What other anarchists think

 Trotsky once described anarchists as ‘liberals with bombs’, whereas the lifestyle anarchists would be better described as ‘liberals with bins’. Trotsky of course had good reason to dislike anarchists, like Bakunin for example who for all his faults provided some very useful warnings about the dangers of authoritarianism in the working class movement, warnings a lot less applicable to Marx than to the likes of Lenin and Trotsky. While the lifestyle anarchists are keen to point out how ‘free from dogma’ they are, their complete lack of theory means they are prepared to uncritically help in the campaigns of any pseudo-socialist, Leninist party going.
 It is of course unfair to equate lifestyle anarchism directly with the anarchist movement as a whole. For all its faults at least most strands of anarchism attempt a class analysis. At least some anarchists see the problems inherent in society as stemming from the fundamental features of that society, i.e., wage labour, production for profit, class rule, and the solution lying in the abolition of these same things. Indeed it is interesting to see the old dog anarchists’ reaction to this silly and incessantly annoying puppy chasing its own tail. On the one hand they like to encourage it for its ‘direct action’ and ‘grass roots defiance’ but even they are compelled to comment on the futility of it all.
 Of course we socialists have nothing against people who want to raid through supermarket skips in order to help cut down on food bills. Having done it myself I can honestly say it’s incredible what supermarkets chuck away.  I once found a bin bag full of popcorn that was only a week out of date in a Marks and Spencer skip.

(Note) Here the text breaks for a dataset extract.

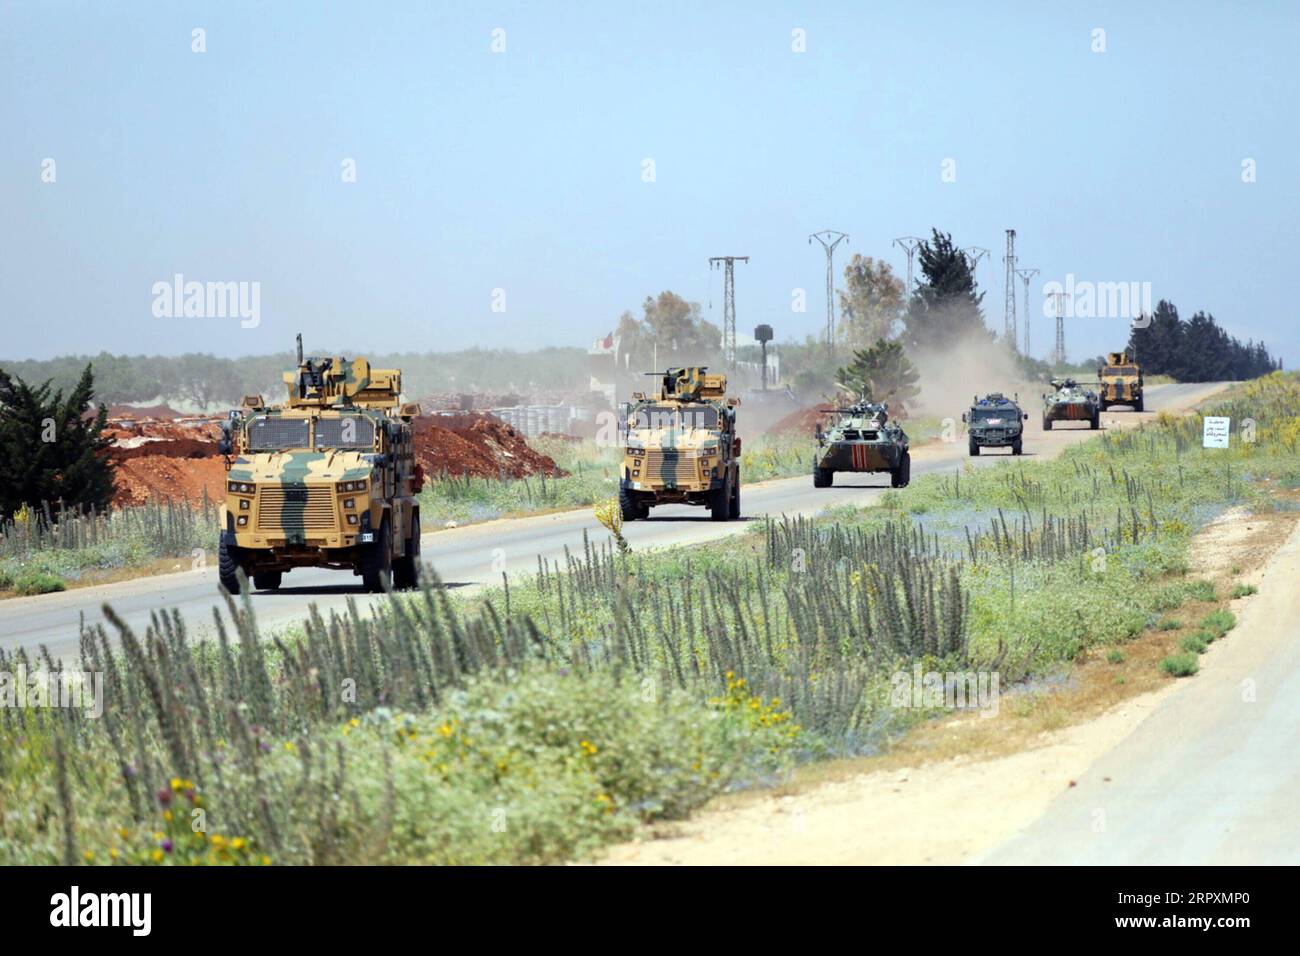 200528 -- IDLIB, May 28, 2020 Xinhua -- Military vehicles are seen during a joint patrol of Turkish and Russian troops in northwestern Idlib province of Syria, on May 28, 2020. Turkish and Russian troops conducted their 13th joint patrol along a key highway in northwestern Idlib province of Syria, the Turkish defense ministry said on Thursday. Xinhua SYRIA-IDLIB-TURKEY-RUSSIA-JOINT PATROL PUBLICATIONxNOTxINxCHN Stock Photo
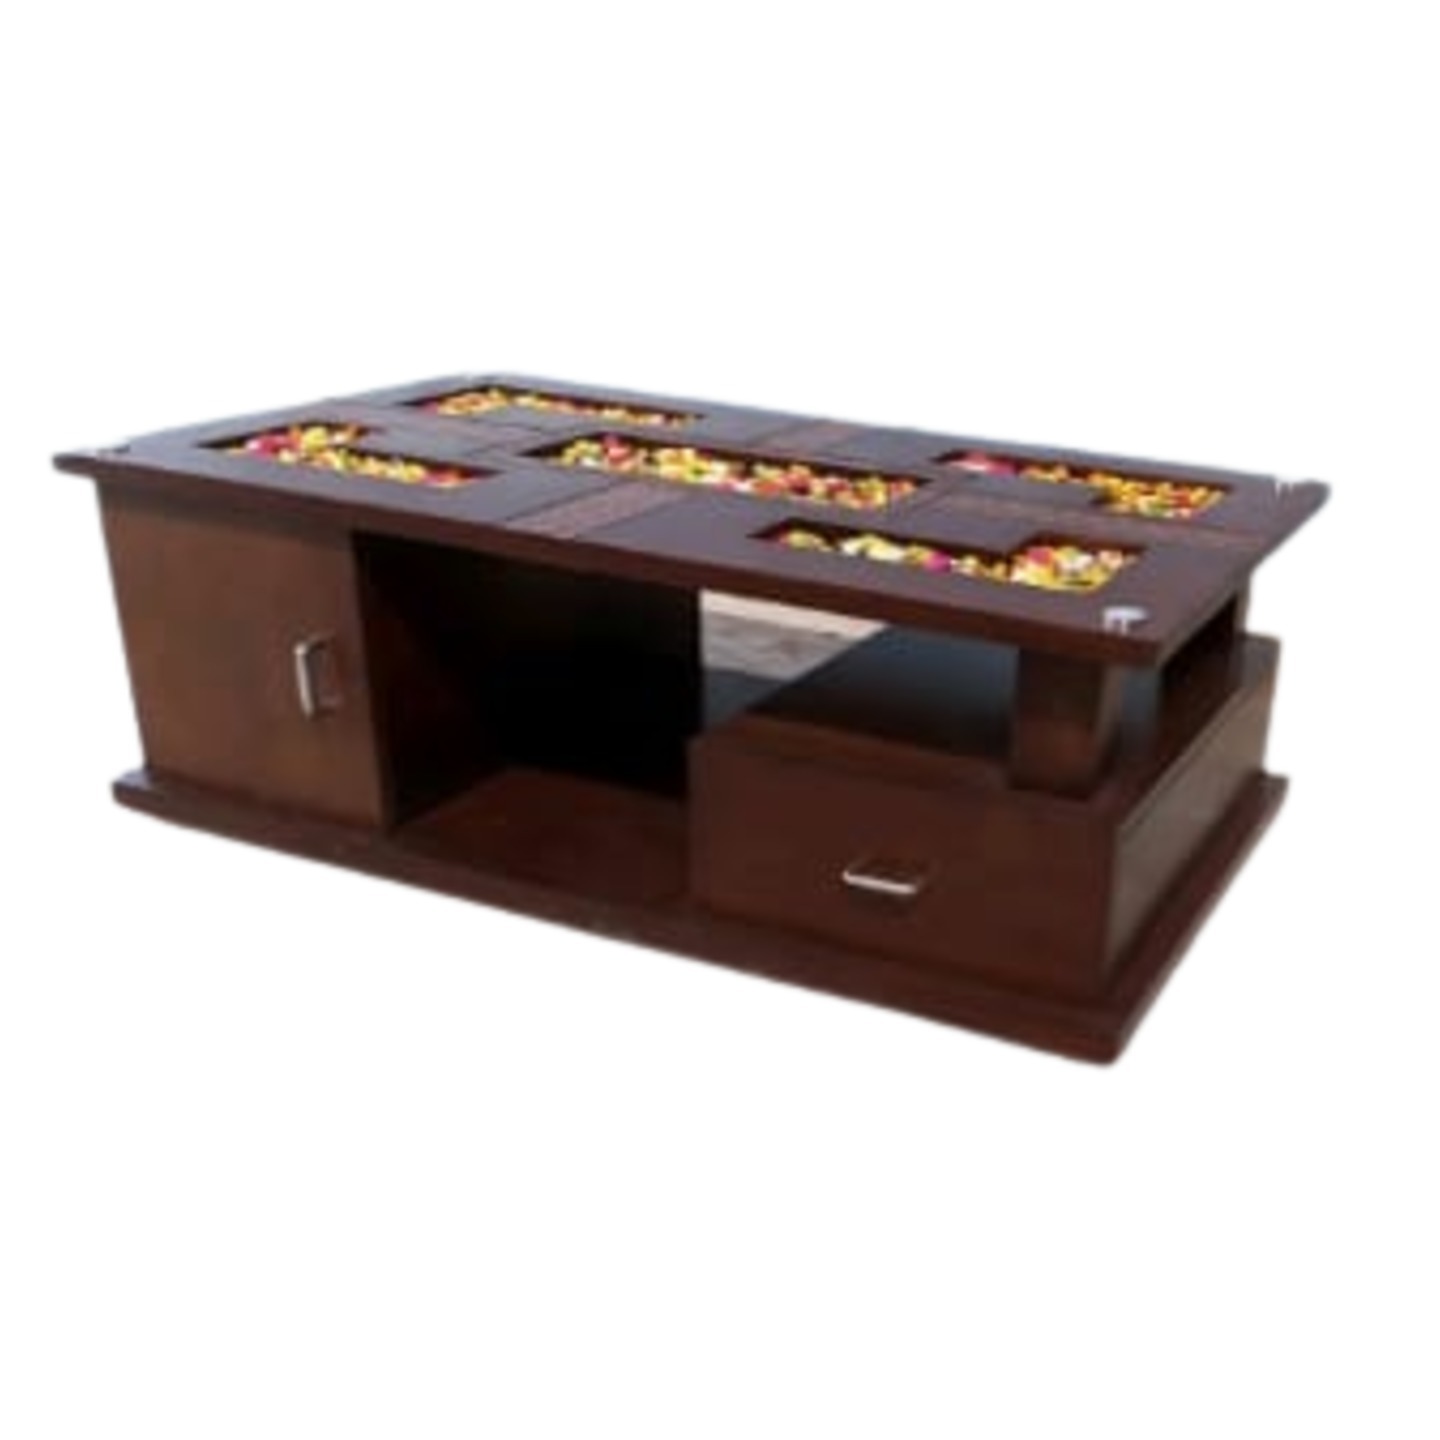 DW Center Table C-08 Chatai In 2 Drower In Brown Colour

 Nor do we have anything against those that choose to squat.  It’s another example of the ridiculous nature of capitalism that perfectly good homes should stay unoccupied while people sleep on the streets, just so a landlord can wait till the property prices rise. Where we have a problem is that for all the talk that lifestyle anarchists and others like them make about their actions being a means to an end, it invariably becomes an end in itself – people preferring to pose with their heads in skips or faces wrapped in kaftans without ever trying to actually understand why the world is the way it is.